El tambor del espantapájaros

El olor de la oliva recién arrancada de la vida; recogiendo leña de las podas; noches pelando almendras al calor del lar hecho con la leña almacenada; noches de verano sentado en el poyete que rodea la casa ante  la inmensa oscuridad del campo, inabarcable el halo de la luna y el número de estrellas visibles se antoja imposible de contar mientras estoy  escuchando  los escalofriantes reclamos de la zorra entre los bancales; baños en pozas de finísimas agujas de cristal; risas en las enjabonadas pendientes del embalse, viendo quién era capaz de aguantar más tiempo haciendo de bardomera en la tobera que usaban para rellenarlo.
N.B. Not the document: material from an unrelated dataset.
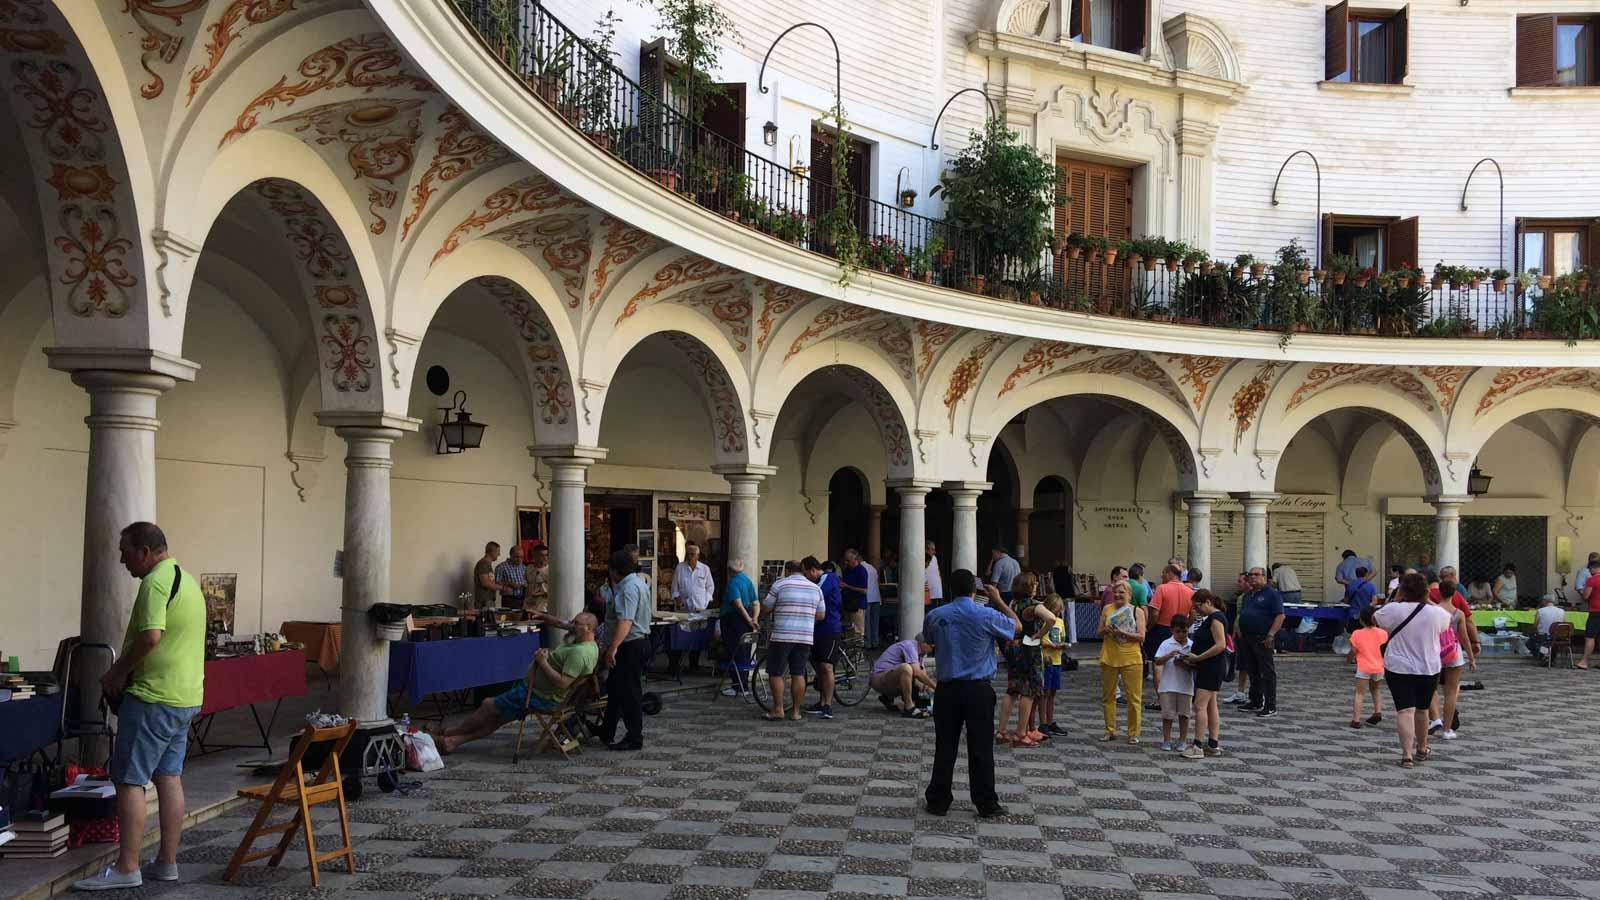 seville cabildo square craft market

Tu recuerdo me hace sonreír, me emociona. 

EL TAMBOR DEL ESPANTAPÁJAROS  (I)

–         Hola

–         Hola ¿te pasa algo?

–         Debo contarte algo que me ha ocurrido esta mañana, bueno en realidad pasó hace tiempo, pero lo creía olvidado. Al parecer solamente estaba guardado en algún lugar insondable y esta mañana me han dado la llave para abrirlo sin querer y no poder borrar la historia que te voy a contar de mi mente en todo el día. Durante el viaje de vuelta no he podido pensar en otra cosa, los kilómetros y los minutos pasaban sin darme cuenta, tal era mi abstracción.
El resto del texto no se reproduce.